Но вы, счастливые женщины, чья чистота была под защитой с самого детства; вы, свободные выбирать предметы нежных чувств; вы, чьи дома защищены законом, не судите бедную безутешную рабыню слишком сурово! Будь рабство отменено, и я могла выйти за мужчину по своему выбору; я могла иметь дом, защищенный законами; была бы избавлена от мучительной необходимости признаваться в том, что сейчас расскажу; но все возможности уничтожило рабство. Я хотела блюсти себя в чистоте и при самых враждебных обстоятельствах изо всех сил старалась сохранить самоуважение. Однако я в одиночку билась в мощной хватке демона Рабства, и это чудовище оказалось слишком сильным. Мне казалось, я покинута Богом и людьми, все мои усилия должны пропасть втуне; и я сделалась безрассудна в своем отчаянии.
Я уже говорила, что преследования доктора Флинта и ревность его супруги дали повод для сплетен в соседстве. Среди прочего это привело к тому, что некий белый неженатый джентльмен прознал об обстоятельствах, в коих я оказалась. Он был знаком с бабушкой и часто заговаривал со мной на улице, проявляя участие и задавая вопросы о хозяине, на которые я давала частичные ответы. В беседах он выражал великое сочувствие и желание оказать помощь. Он постоянно искал возможностей для встреч и часто писал. Я была бедной рабыней, всего пятнадцати лет от роду.

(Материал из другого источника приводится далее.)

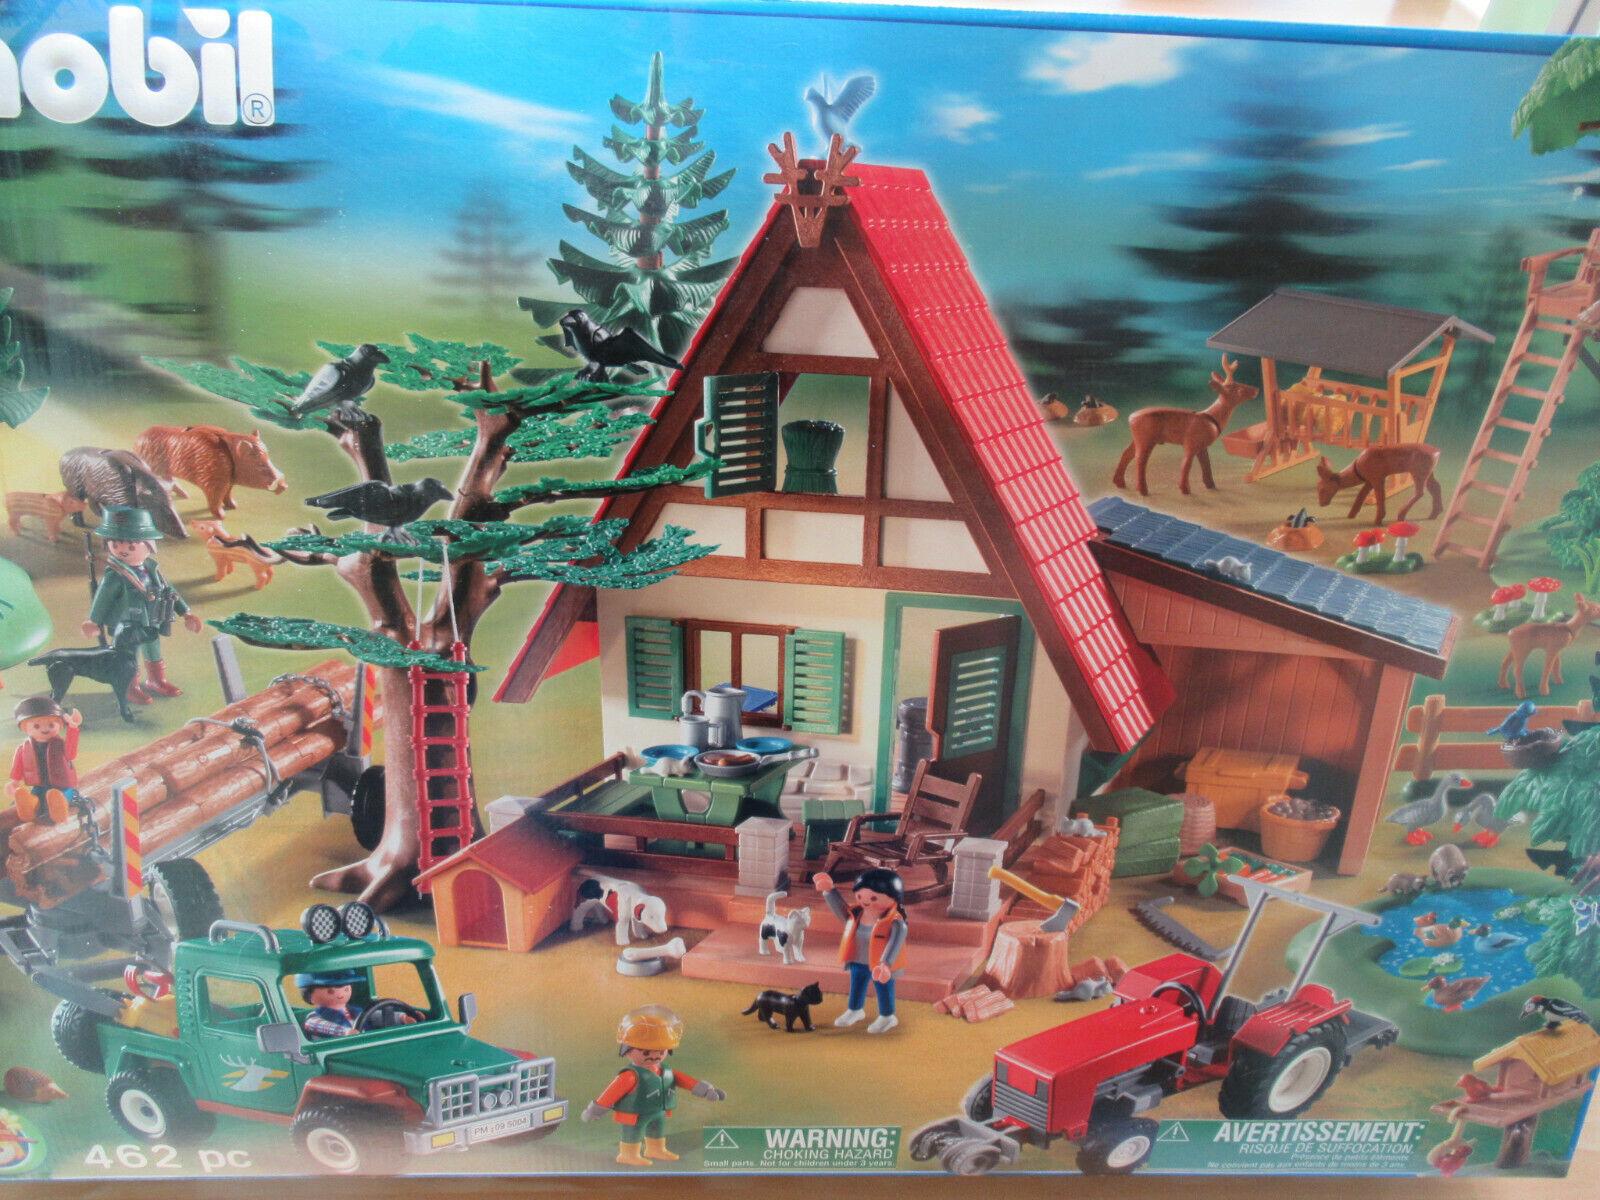 Nouveau Playmobil 5004 Forsthaus Mega Set Spécial Série Galeria sapes dans neuf dans sa boîte AD

Такое внимание со стороны высшего, бесспорно, льстило мне, ибо человеческая натура для всех едина. Я ощущала благодарность за сочувствие, а добрые слова приободряли. Мне казалось, это прекрасно – иметь такого друга. Постепенно и более теплые чувства прокрались в сердце. Он был образованным и красноречивым джентльменом – слишком красноречивым, увы, для бедной рабыни, которая ему доверилась. Конечно же, я видела, к чему это идет. Я знала, какая непреодолимая пропасть разделяет нас; но быть предметом интереса мужчины, который неженат и не ее хозяин, тешило гордость и чувства рабыни – если в ее бедственном положении оставалось место для какой-либо гордости и чувств. Отдавать себя добровольно, а не уступая принуждению, не так унизительно. Есть нечто родственное свободе в том, чтобы иметь любовника, не имеющего власти над тобой, кроме той, которую он получает благодаря доброте и привязанности. Хозяин может обращаться с тобою так грубо, как ему угодно, и ты не смеешь возразить; более того, грех с неженатым мужчиной кажется не столь большим, как с тем, у кого есть жена, которую он делает несчастной. Пусть во всем этом есть доля софистики, но положение рабыни попирает принципы нравственности и, более того, делает их применение невозможным.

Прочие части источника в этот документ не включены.